Courtesy photo.

As extreme cold weather persists across the 14 states in the Southwest Power Pool's balancing authority area, electricity use has exceeded available generation. The grid operator declared an Energy Emergency Alert Level Three at 10:08 Central Time on Feb. 15, when it was forced to begin relying on required reserve energy.

After exhausting the available reserve energy SPP has now directed its member utilities to implement controlled interruptions of service to prevent further, more widespread and uncontrolled outages.

"In our history as a grid operator, this is an unprecedented event and marks the first time SPP has ever had to call for controlled interruptions of service," said SPP Executive Vice President and Chief Operating Officer Lanny Nickell. "It's a last resort that we understand puts a burden on our member utilities and the customers they serve. But it's a step we're consciously taking to prevent circumstances from getting worse, which could result in uncontrolled outages of even greater magnitude."

SPP has instructed its member transmission system operators to reduce electricity demand by an amount needed to prevent further uncontrolled outages. Individual utilities will determine how best to curtail their use by the required amount based on their own emergency operating plans. While SPP and its member companies work to restore the regional power grid to full capacity, consumers are urged to reduce electricity use both at home and work.

Victory Electric in southwest Kansas was notified by SPP and Sunflower Electric that rolling outages had begun the morning of Feb. 15, first in Spearville and Wright, then continuing in the Ensign area. The outages are expected to last up to an hour and may happen without warning.

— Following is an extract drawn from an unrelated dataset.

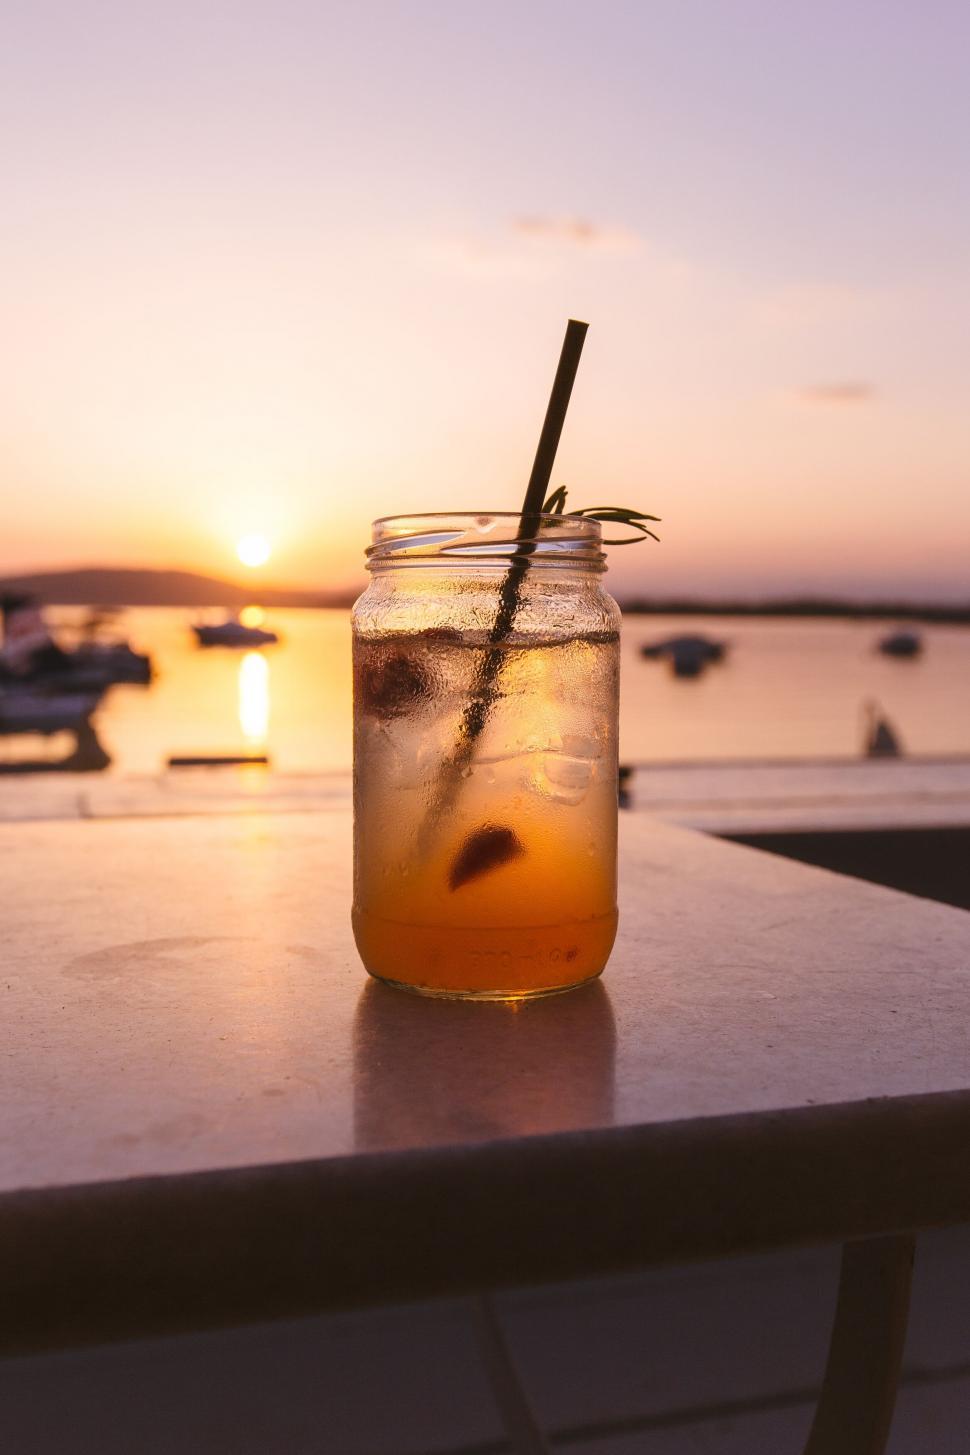 Free Image of Iced drink with sunset and boats backdrop

A Sunflower Electric release stated, "Unfortunately, because the controlled power interruptions are not coordinated at the distribution level, Victory Electric cannot predict exactly where and when each controlled interruption will happen, but we do know members should prepare for and expect interruptions to last anywhere from 30 minutes to 1 hour. Controlled service interruptions are a last resort and a step that is only taken when necessary to safeguard the reliability of the regional grid."